#### WORK ORDER:
Copy, pictures aside: the lines below from the one that holds "Celebrating pride month 2024" through the final line of the listing, both ends included, exactly as they are and nothing else.

#### DATASET CONTENT:
━━━━━━━━
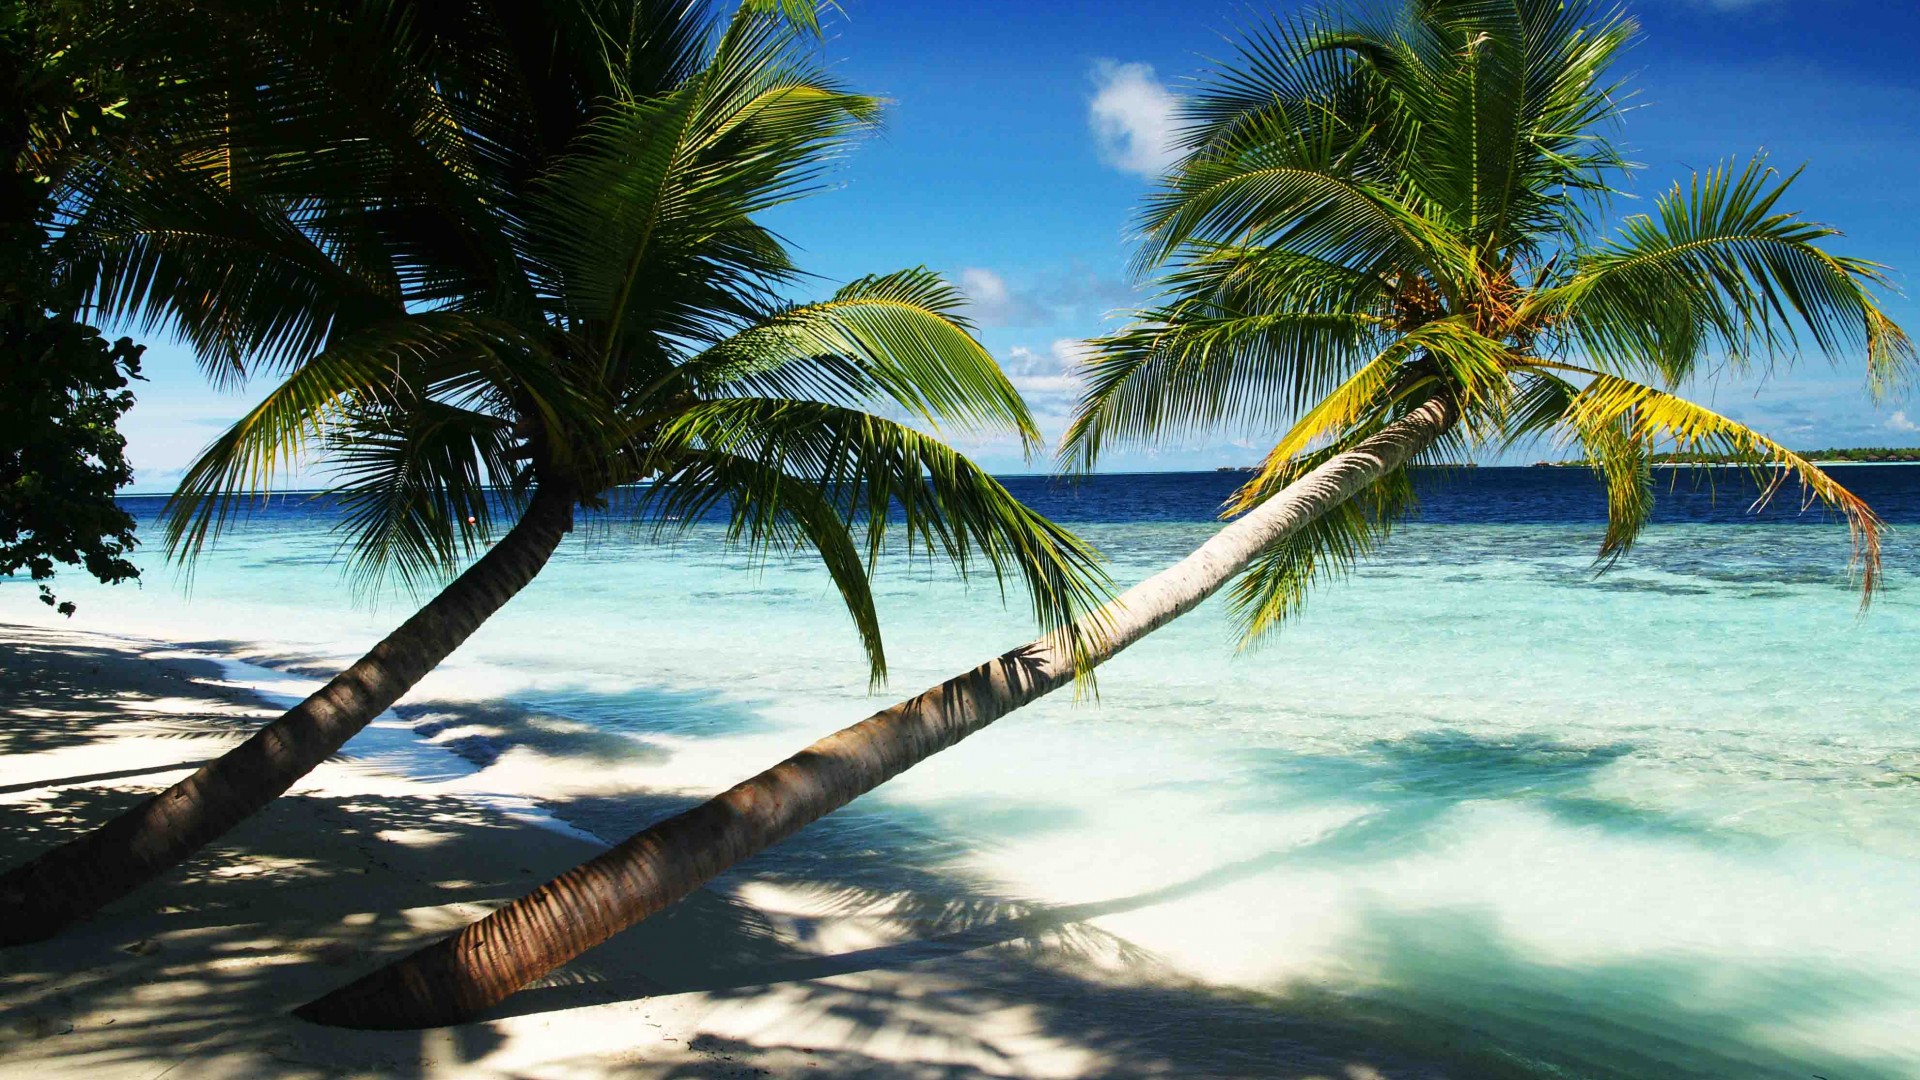 Maldives, 4k, 5k wallpaper, holidays, palms, paradise, vacation, travel, hotel, island, ocean, bungalow, beach, sky (horizontal)
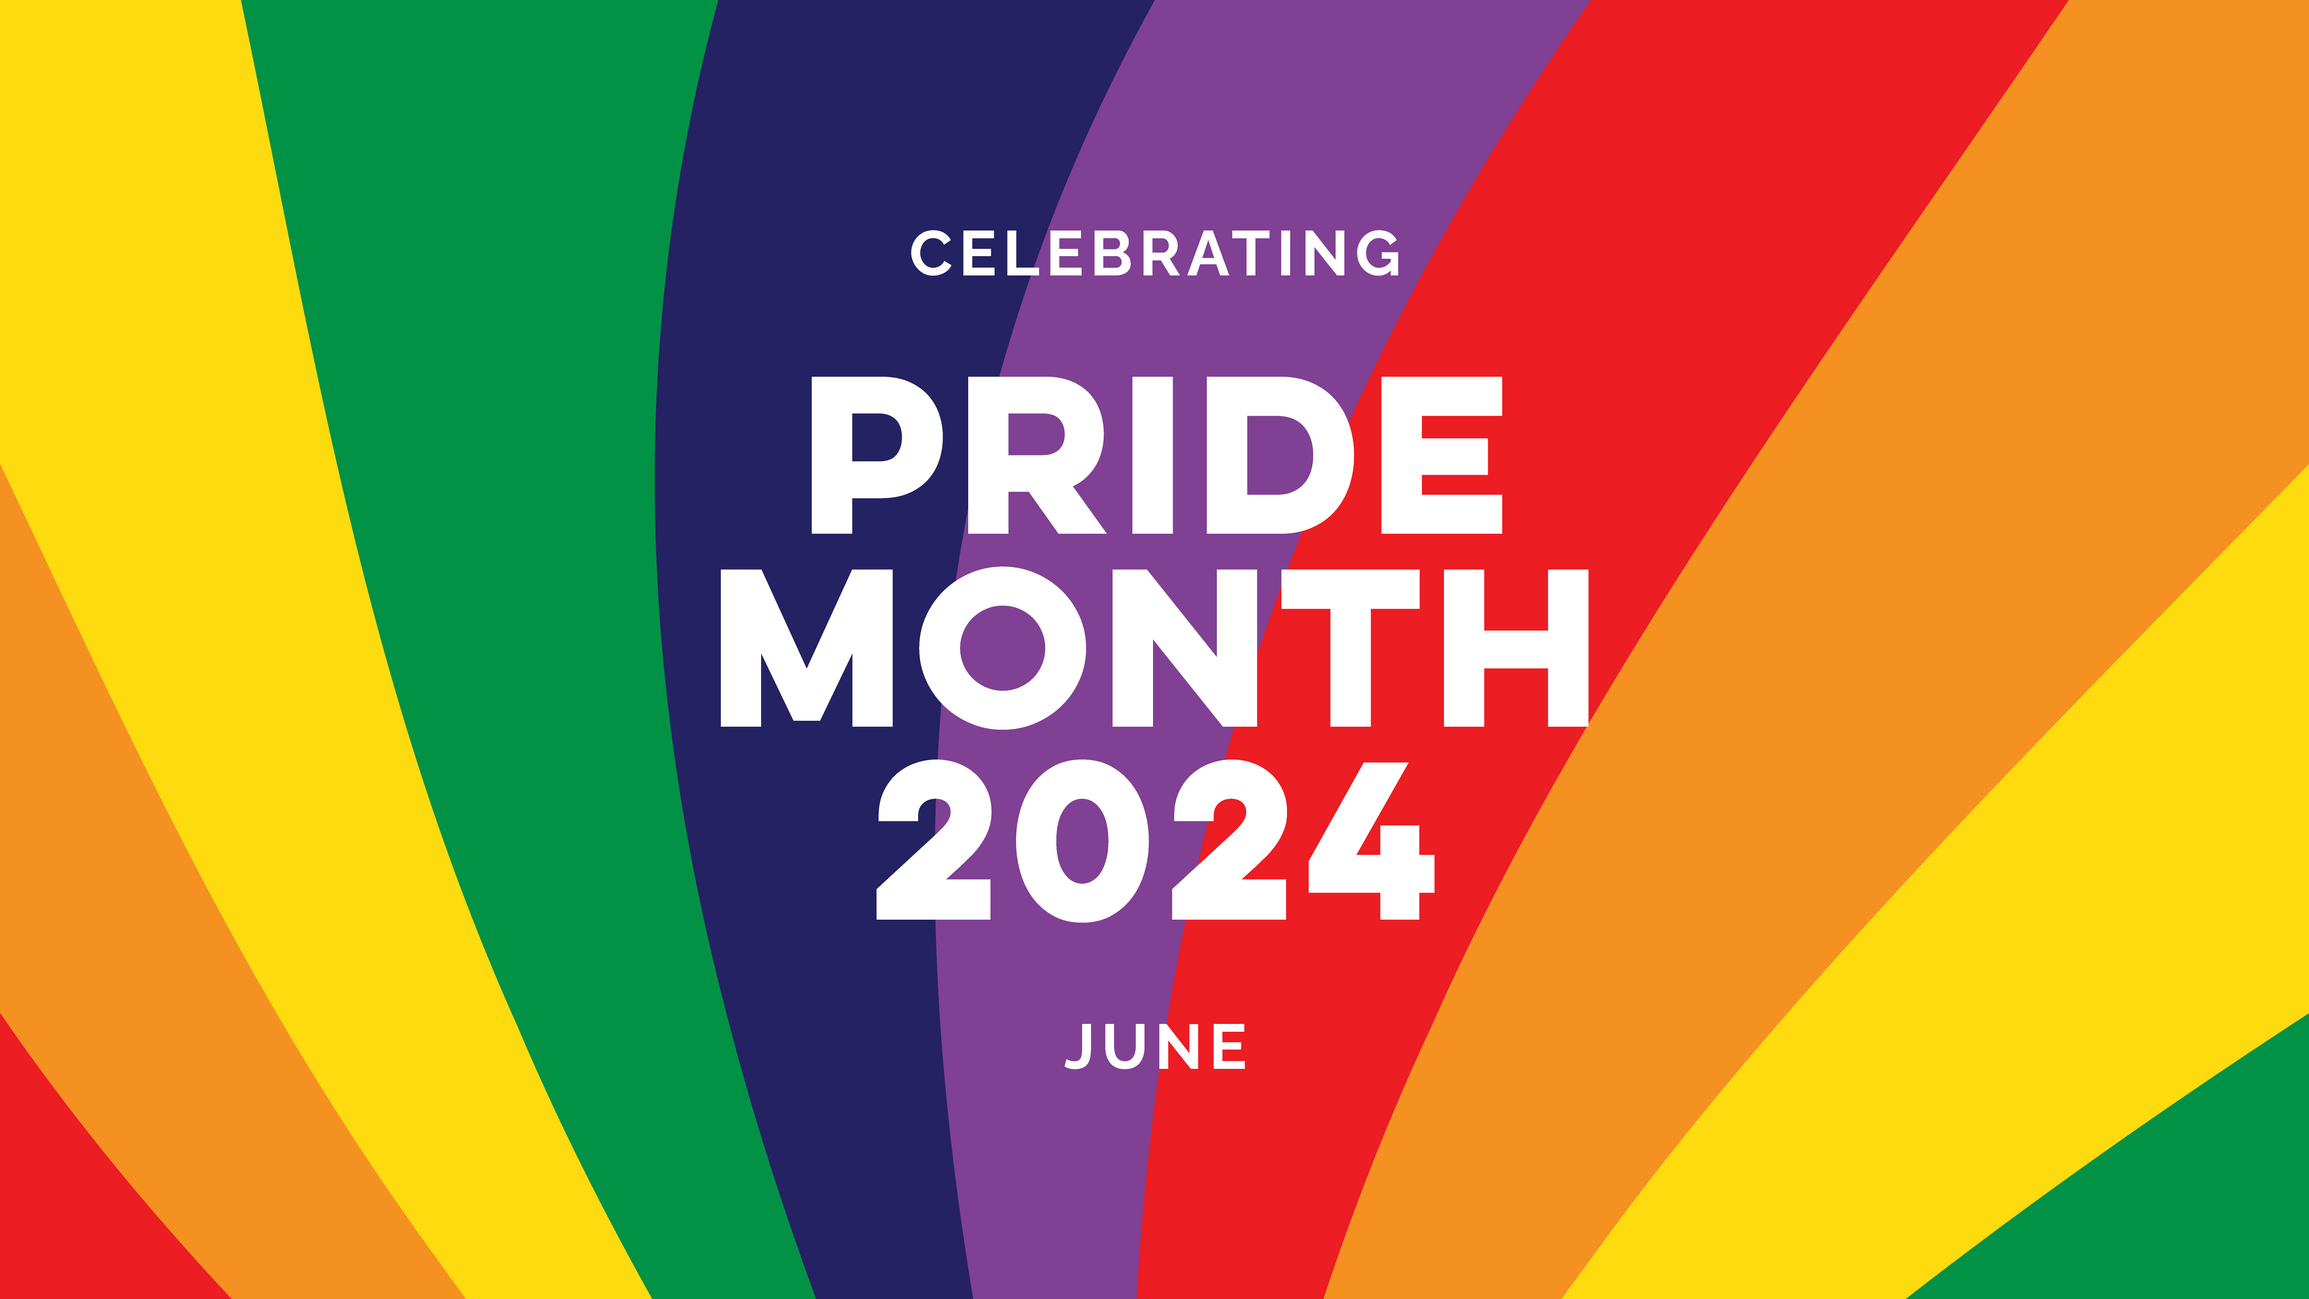 Celebrating pride month 2024
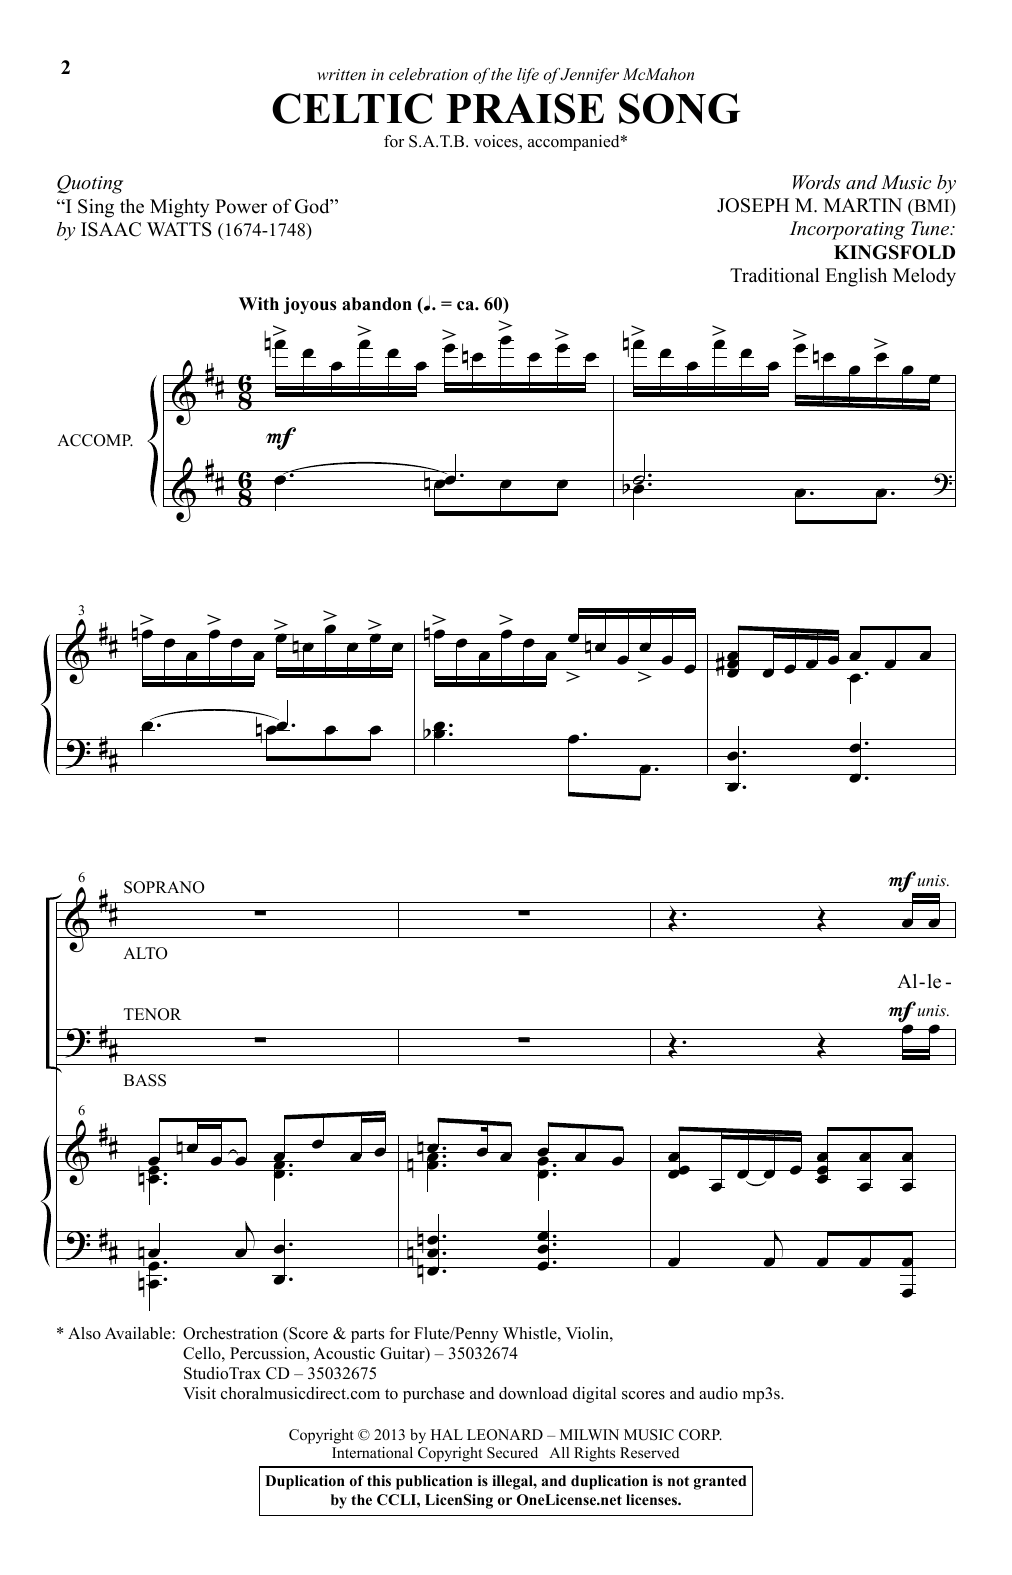 Joseph M. Martin Celtic Praise Song Sheet Music Notes & Chords for SATB Choir - Download or Print PDF
━━━━━━━━
#### REPLY TO THE TASK:
 Celebrating pride month 2024
 Joseph M. Martin Celtic Praise Song Sheet Music Notes & Chords for SATB Choir - Download or Print PDF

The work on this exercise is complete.